Work to be completed >> Transcribe, without alteration, only the lines from the one containing "Dating makeup mirror" through the last line of the material, both ends included.
-- Opening Marker --
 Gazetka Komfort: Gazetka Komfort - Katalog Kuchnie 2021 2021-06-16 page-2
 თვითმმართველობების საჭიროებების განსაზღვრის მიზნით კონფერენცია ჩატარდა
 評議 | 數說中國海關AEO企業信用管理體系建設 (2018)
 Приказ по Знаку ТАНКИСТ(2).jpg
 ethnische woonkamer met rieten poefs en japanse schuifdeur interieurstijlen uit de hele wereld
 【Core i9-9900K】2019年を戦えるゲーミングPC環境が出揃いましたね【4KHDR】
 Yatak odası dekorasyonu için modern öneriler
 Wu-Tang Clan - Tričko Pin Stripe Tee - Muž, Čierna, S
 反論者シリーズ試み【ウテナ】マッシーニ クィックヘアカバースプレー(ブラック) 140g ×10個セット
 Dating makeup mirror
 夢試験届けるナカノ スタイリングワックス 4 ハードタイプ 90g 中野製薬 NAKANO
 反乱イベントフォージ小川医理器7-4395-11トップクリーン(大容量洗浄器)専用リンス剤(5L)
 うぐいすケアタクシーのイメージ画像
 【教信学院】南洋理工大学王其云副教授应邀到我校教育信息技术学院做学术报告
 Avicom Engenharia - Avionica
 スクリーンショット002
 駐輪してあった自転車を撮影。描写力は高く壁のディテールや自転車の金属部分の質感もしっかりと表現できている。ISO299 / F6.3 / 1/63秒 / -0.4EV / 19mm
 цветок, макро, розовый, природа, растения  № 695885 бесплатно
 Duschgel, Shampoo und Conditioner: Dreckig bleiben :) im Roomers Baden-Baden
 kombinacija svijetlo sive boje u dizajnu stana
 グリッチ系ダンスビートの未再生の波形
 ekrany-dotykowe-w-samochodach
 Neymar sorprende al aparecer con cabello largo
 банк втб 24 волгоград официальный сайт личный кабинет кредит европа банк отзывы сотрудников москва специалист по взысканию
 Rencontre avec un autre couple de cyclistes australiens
-- Closing Marker --
Expected answer >>
 Dating makeup mirror
 夢試験届けるナカノ スタイリングワックス 4 ハードタイプ 90g 中野製薬 NAKANO
 反乱イベントフォージ小川医理器7-4395-11トップクリーン(大容量洗浄器)専用リンス剤(5L)
 うぐいすケアタクシーのイメージ画像
 【教信学院】南洋理工大学王其云副教授应邀到我校教育信息技术学院做学术报告
 Avicom Engenharia - Avionica
 スクリーンショット002
 駐輪してあった自転車を撮影。描写力は高く壁のディテールや自転車の金属部分の質感もしっかりと表現できている。ISO299 / F6.3 / 1/63秒 / -0.4EV / 19mm
 цветок, макро, розовый, природа, растения  № 695885 бесплатно
 Duschgel, Shampoo und Conditioner: Dreckig bleiben :) im Roomers Baden-Baden
 kombinacija svijetlo sive boje u dizajnu stana
 グリッチ系ダンスビートの未再生の波形
 ekrany-dotykowe-w-samochodach
 Neymar sorprende al aparecer con cabello largo
 банк втб 24 волгоград официальный сайт личный кабинет кредит европа банк отзывы сотрудников москва специалист по взысканию
 Rencontre avec un autre couple de cyclistes australiens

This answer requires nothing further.